Мой-то палец этот взял, в тряпицу заворачивает. «Теперь, – объявляет, – мы с тобою повенчаны. Палец этот заместо кольца. Дочь, – говорит, – тоже моя – теперь не брошу». Гляжу, а старшой ихний смеется. «И я, – обещает, – не брошу. Буду ей крестным»…
   Боль-то сильнее, сильнее… Крикнула. Глаза открыла. Нет ничего. Только руку дергает. Нашарила выключатель. Вот оно… Это ж палец гноится. Вчера повредила, пока телевизор волокли. Глаза закрыла. Господи… Видно, сказок этих наслушалась. Ох, думаю, Евдокия…
   С силами собралась. Вставать надо. Все одно не усну.
   Только тут и сообразила: живой-то он хитро? говорил. И не поймешь сразу. А тут – как все разговаривает. Вроде как у нас, в деревне…

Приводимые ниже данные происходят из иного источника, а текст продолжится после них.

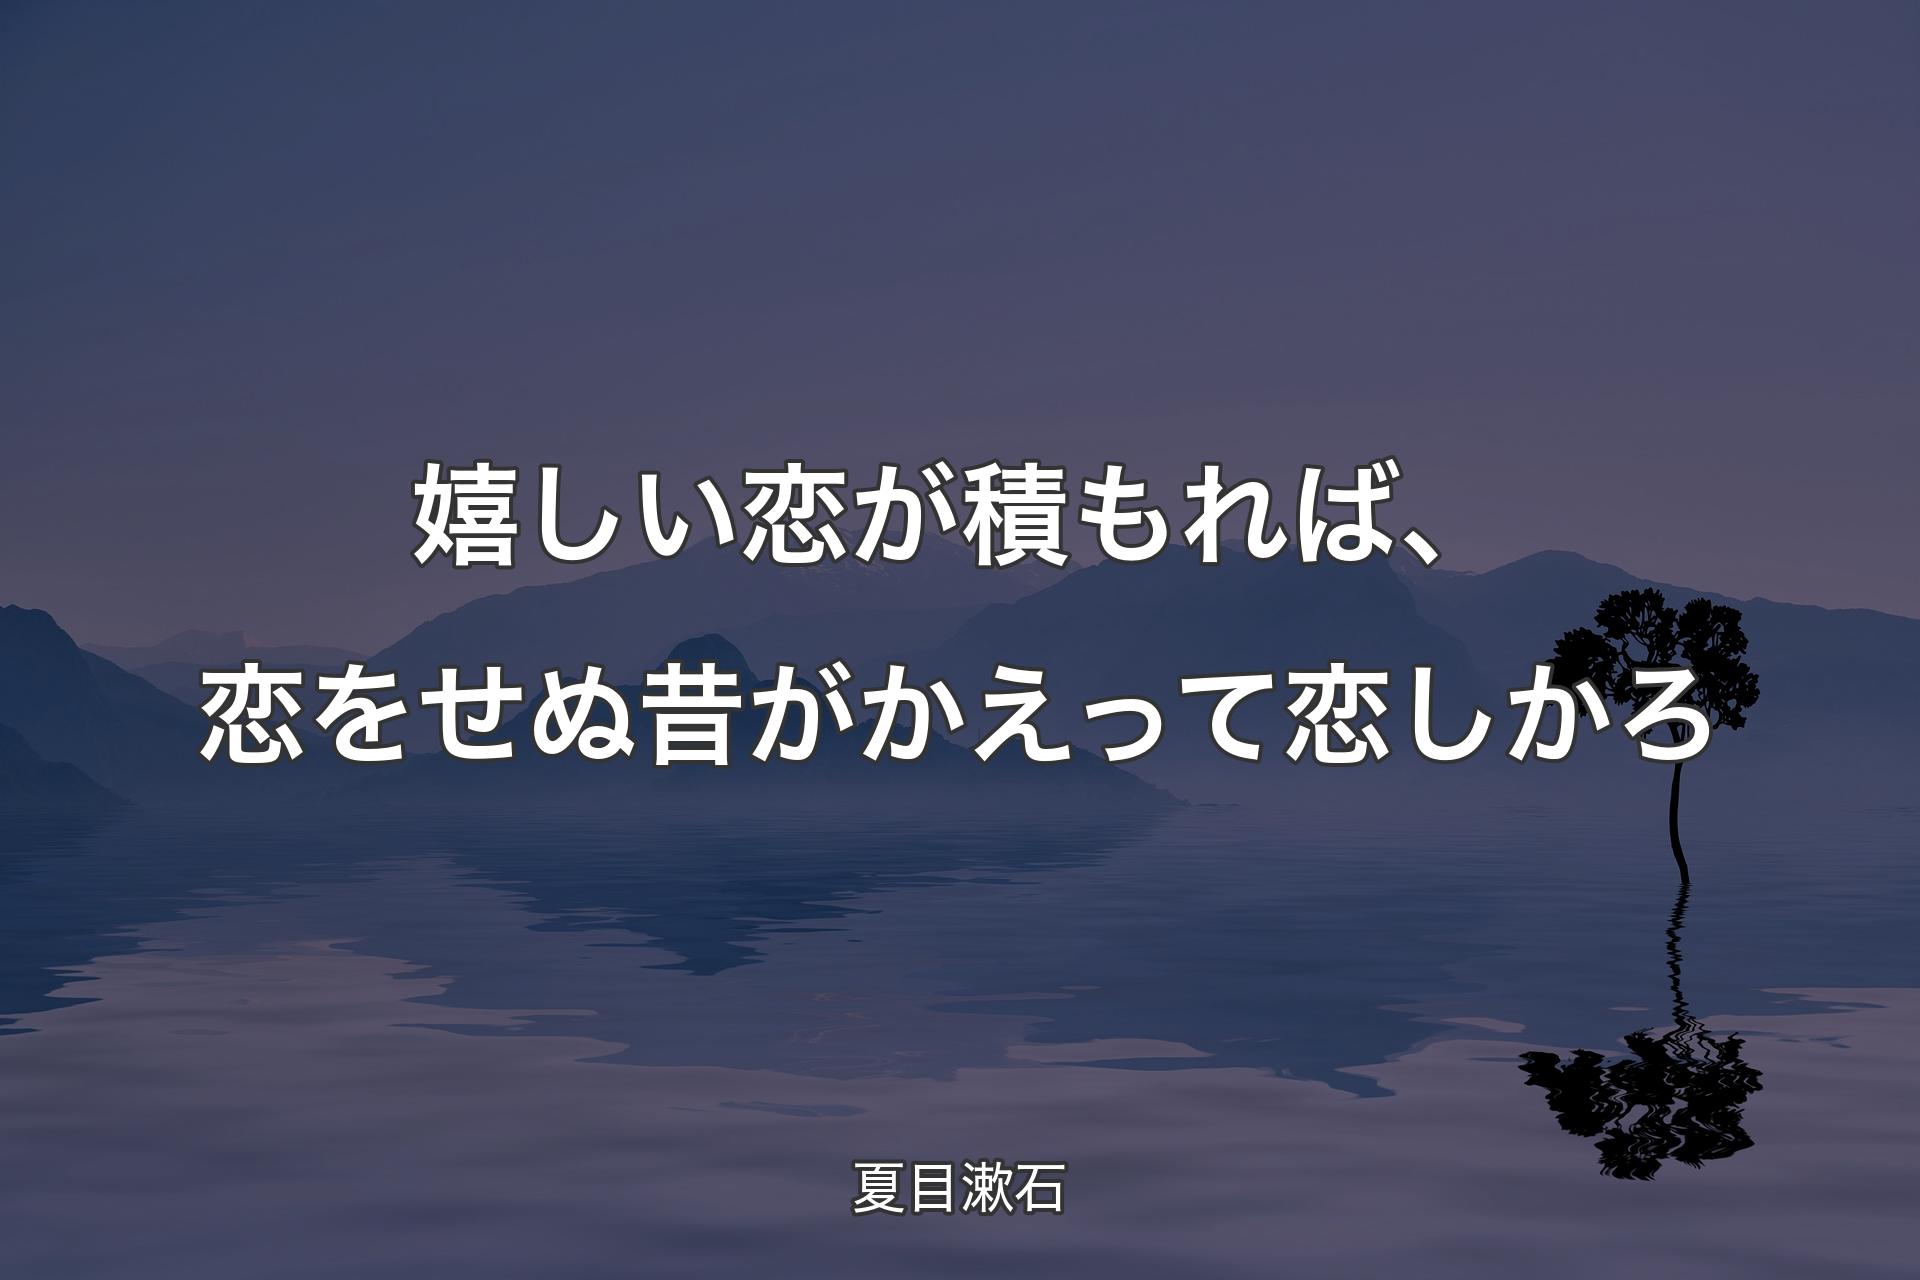 嬉しい恋が積もれば、恋をせぬ昔がかえって恋しかろ - 夏目漱石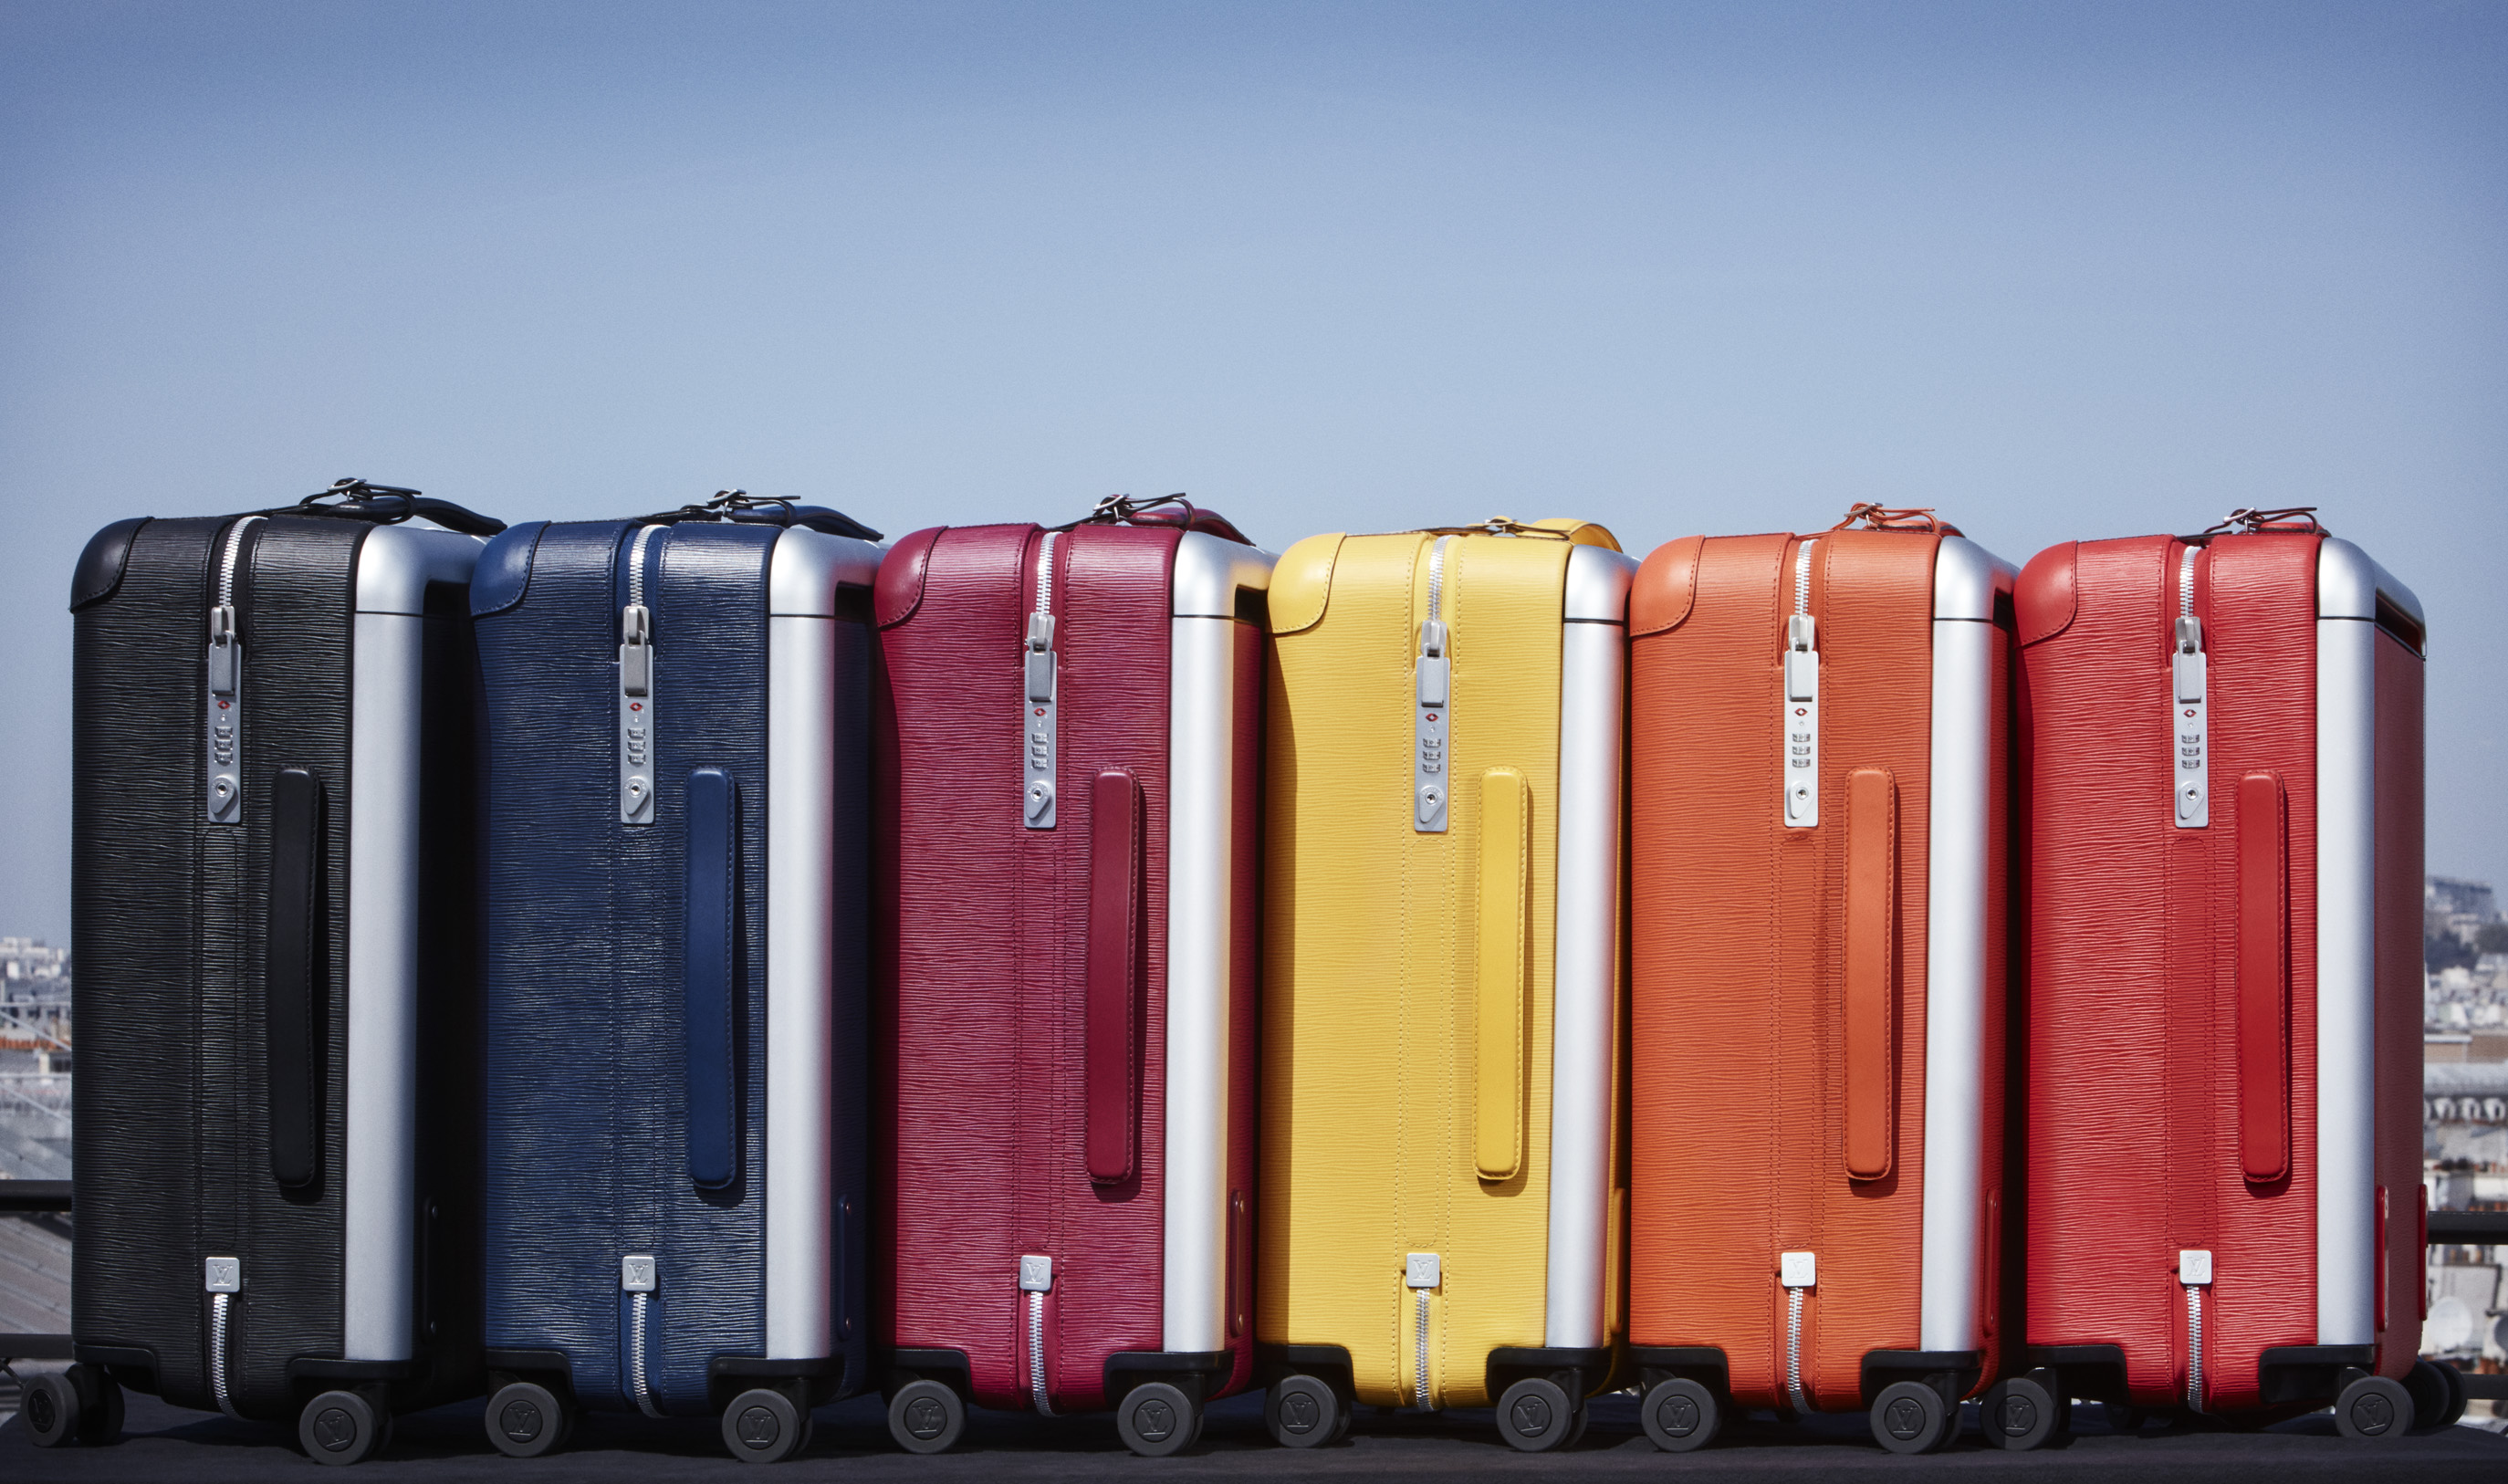 La maleta del verano la han presentado Louis Vuitton y Marc Newson

   За окном черно – ни огонька, ни звездочки. Тошно мне, тошно… «Неспроста ведь, – думаю, – и палец этот, и сон»…
* * *
   Погуляли, покушали. Софью уложили. Сели нитки мотать. Сидят, а сами-то в угол поглядывают. Будто медом намазано. Гликерия первой решилась:
   – Может, лучше включить? А вдруг что важное покажут…
   Евдокия дожидалась будто. Вмиг спицы сложила:
   – Включай.
   Зажглось. Люди в телевизоре маршируют, руками размахивают. Ариадна вгляделась:
   – Боже мой! Смотрите, это ж физкультурники… Спортивный парад.
   Музыка веселая, праздничная. Гликерия поглядела – удивляется:
   – Февраль, зима на дворе. Какой им теперь парад?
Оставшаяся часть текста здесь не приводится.